The 2020s have seen many moon landing attempts, although several have crashed or fallen over. With all the excitement surrounding the prospect of humans returning to the moon, both commercial interests and scientists will benefit.
The moon is ideal for researchers to build telescopes that they can’t place on Earth, because it doesn’t have as much satellite interference as Earth, nor a magnetic field to block radio waves. But only recently have astronomers like me started to think about possible conflicts between the desire to expand knowledge of the universe on the one hand and geopolitical rivalry and commercial profit on the other, and how to balance these interests.
As an astronomer and co-chair of the International Astronomical Union’s Astronomy from the Moon working group, I am on the hook to explore this question.
Everyone to the South Pole
By 2035 – only about a decade away – US and Chinese rockets could be carrying people to longer-term lunar bases.
Both bases are planned for the same small areas near the south pole because of the near-constant solar energy available in this region and the rich water source that scientists say can be found in the darkest nearby areas of the moon.
Unlike the Earth, the moon is not tilted in relation to its orbit around the sun. As a result, the sun circles the horizon near the poles and almost never sets on some crater rims. There, the never-setting sun casts long shadows over nearby craters, hiding their floors from direct sunlight for the past 4 billion years, 90% of the age of the solar system.
These craters are actually pits of eternal darkness. And it’s not only dark there, it’s also cold: below -250 degrees Celsius. It’s so cold that scientists predict that water in the form of ice at the bottom of these craters — likely brought in by ancient asteroids that collided with the moon’s surface — won’t melt or evaporate for a very long time.
Research from orbit around the Moon suggests that these craters, called permanently shadowed areas, could contain half a billion tons of water.
The constant sunlight for solar energy and the proximity of frozen water make the moon’s poles attractive for human bases. The bases will also need water for drinking, washing dishes and growing crops to feed hungry astronauts. It is hopelessly expensive to extract long-term water supplies from the Earth, so a local watering hole is a big deal.
Telescopes on the moon
For decades, astronomers had ignored the moon as a potential location for telescopes because it was simply not feasible to build them there. But human bases offer new possibilities.
The radio-shielded far side of the moon, the part we never see from Earth, allows for the recording of very low-frequency radio waves. These signals likely contain hallmarks of the universe’s “Dark Ages,” a time before stars or galaxies formed.

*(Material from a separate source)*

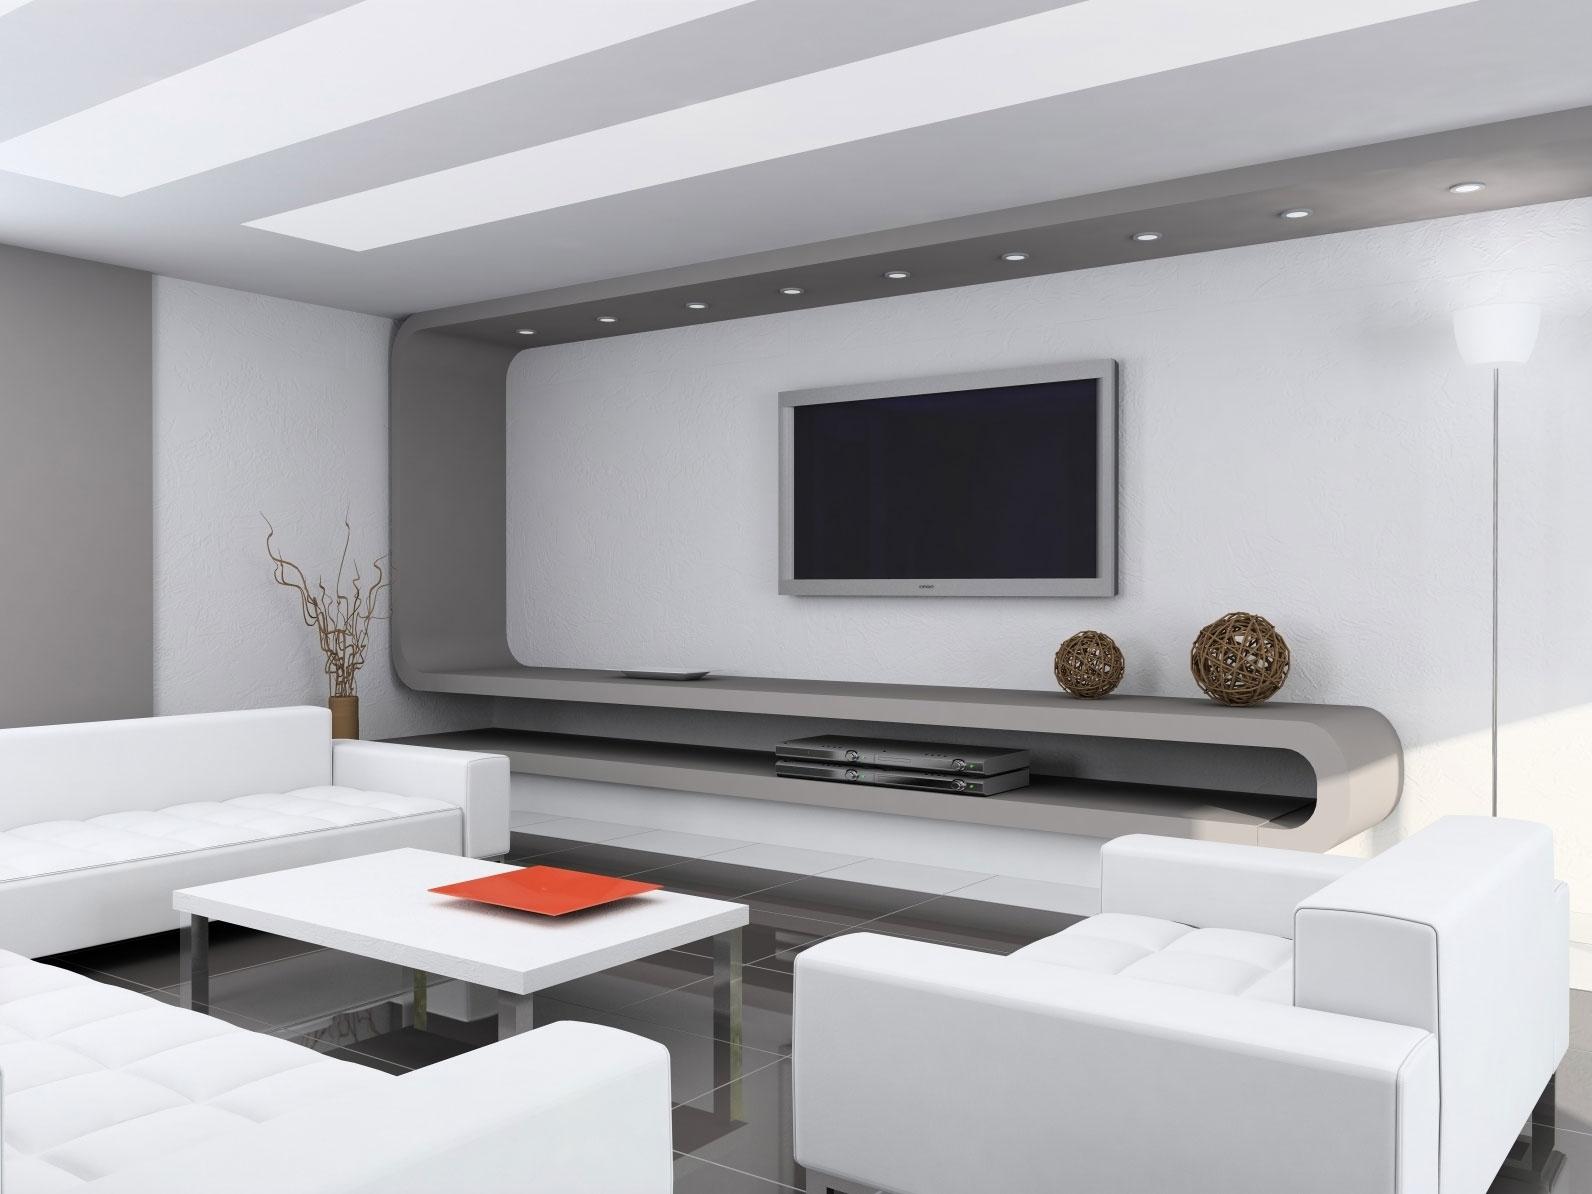 design kitchens on interior design: interior design ideas, house interior design

Astronomers could also place gravitational wave detectors at the poles, because these detectors are extremely sensitive and the moon’s polar regions are not disrupted by earthquakes as they are on Earth.

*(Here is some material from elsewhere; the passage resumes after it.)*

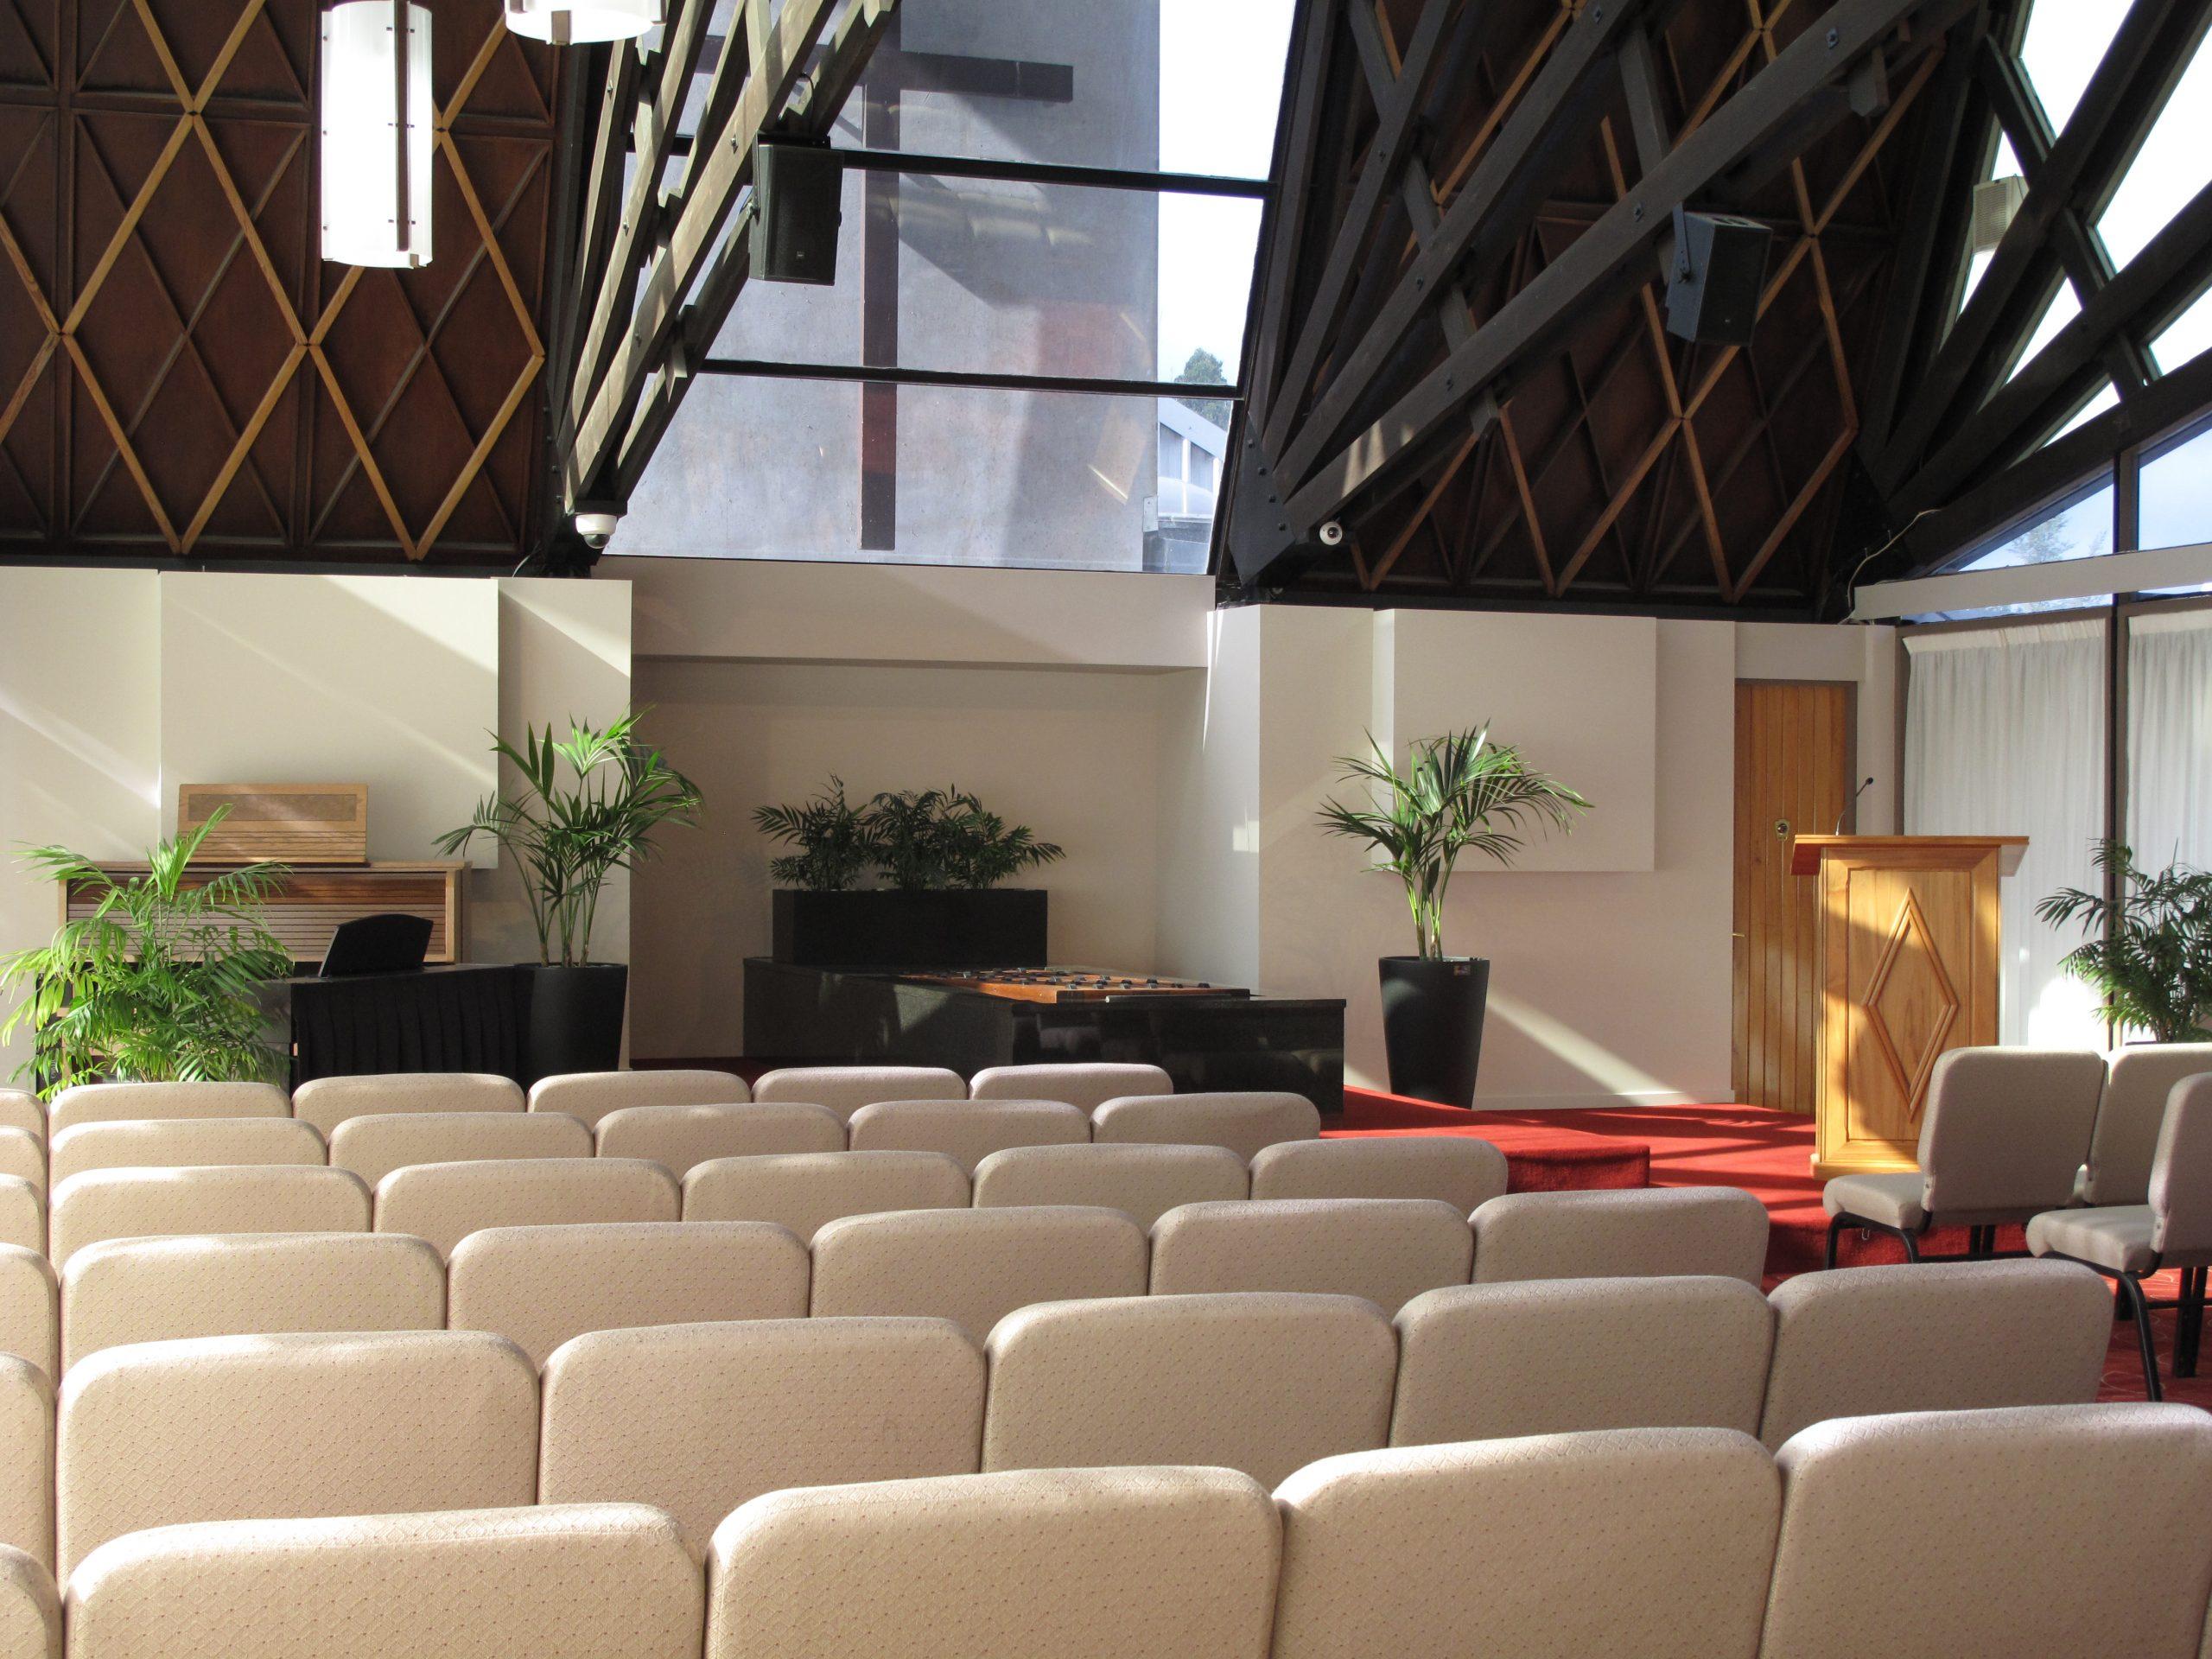 Harewood Crematorium Inside - Venues | Bell, Lamb & Trotter

Using a gravitational wave detector on the moon, scientists can collect data from pairs of black holes orbiting very closely around each other just before they merge. By predicting where and when they will merge, astronomers know where and when to look for a flash of light they would otherwise miss. With those extra clues, scientists could learn how these black holes form and how they evolve.
The cold at the moon’s poles also makes infrared telescopes much more sensitive by shifting the telescopes’ blackbody radiation to longer wavelengths. These telescopes could give astronomers new tools to search for life on Earth-like planets outside the solar system.
And more ideas keep coming. Next year the first radio antennas will land on the other side.
Conflicting interests
But the rush to build bases on the moon could disrupt the very conditions that make the moon so attractive for exploration in the first place. Although the moon’s surface area is larger than that of Africa, human explorers and astronomers want to visit the same few-mile sites.
But activities that will maintain human presence on the moon, such as water mining, will cause tremors that could ruin a gravitational wave telescope.
Furthermore, many elements found on the moon are extremely valuable on Earth. Liquid hydrogen and oxygen make precious rocket fuel, and helium-3 is a rare substance used to improve quantum computers.
But one of the few places on the moon rich in helium-3 is found in one of the most likely places to place a radio telescope on the far side of Earth.
Finally, at least two Internet and GPS satellite constellations are planned to orbit the moon in a few years. Accidental radio transmissions from these satellites could render a medieval telescope useless.
Now is the time
But a compromise is not excluded. There may be a few alternative places to place each telescope.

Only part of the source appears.